4. The information processing apparatus according to claim 1 or 2, further comprising determination means for outputting a determination result regarding the series data by comparing the index with a predetermined threshold.

5. The information processing apparatus according to claim 4, wherein the calculation means performs the repeated input when the index is located within a first predetermined range from the predetermined threshold.

6. The information processing apparatus according to claim 5, wherein the calculation means performs the repeated input when the index is located within the first predetermined range from the predetermined threshold and the slope of the index is in a direction approaching the predetermined threshold.

7. The information processing apparatus according to claim 4, wherein the determination means outputs the determination result when the index calculated by the repeated operation exceeds the predetermined threshold a first predetermined number of times.

8. The information processing apparatus according to claim 7, wherein the determination means outputs the determination result even if the indicator calculated by the repeated operation exceeds the predetermined threshold only once, when the indicator is located within a second predetermined range from the predetermined threshold for a second predetermined number of consecutive times.

9. The information processing apparatus according to claim 4, wherein the determination means does not output the determination result if the sign of the slope of the index calculated by the repeated operation changes beyond a predetermined frequency.
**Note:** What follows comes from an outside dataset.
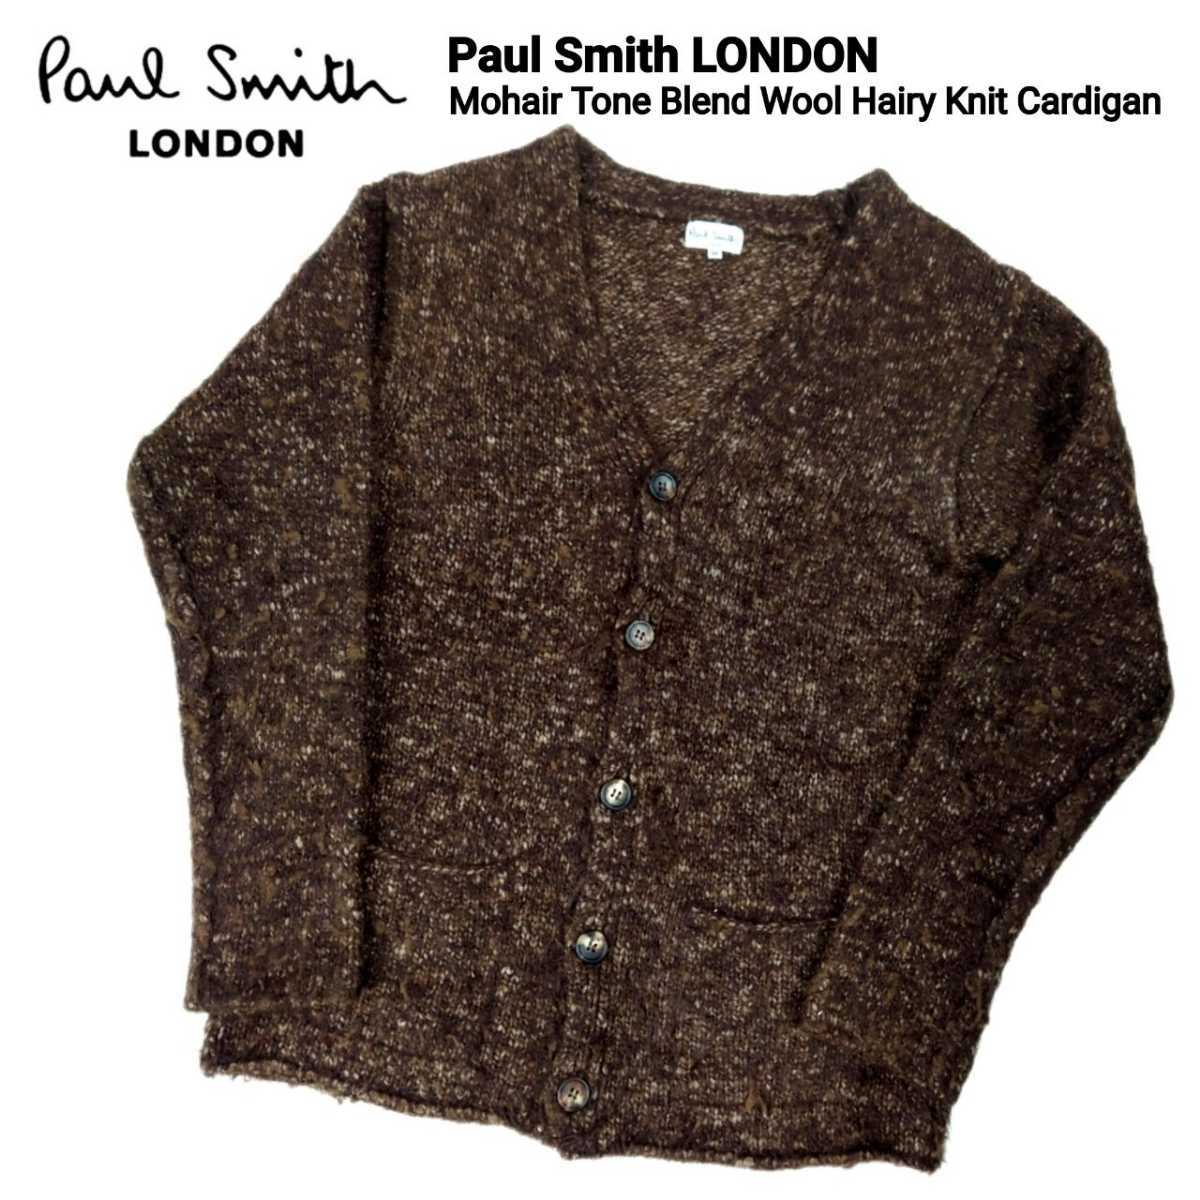 超稀少 Paul Smith LONDON ポールスミスロンドン 正規品 最高級モヘア調ブレンドウールヘアリーニットカーディガン M 美品 カートコバーン

10. An information processing method comprising: at least one computer sequentially acquiring multiple elements contained in sequential data; inputting the acquired elements into a model that produces a probabilistically fluctuating output for the same input to calculate an index relating to the sequential data; and calculating the index multiple times by repeated input, where the same input is given to the model multiple times between the acquisition of one element and the acquisition of the next element.

11. A recording medium on which a computer program is stored that causes at least one computer to execute an information processing method comprising: sequentially acquiring multiple elements contained in sequential data; inputting the acquired elements into a model that produces a probabilistically fluctuating output for the same input to calculate an index relating to the sequential data; and calculating the index multiple times by repeated input, where the same input is given to the model multiple times between the acquisition of one element and the acquisition of the next element.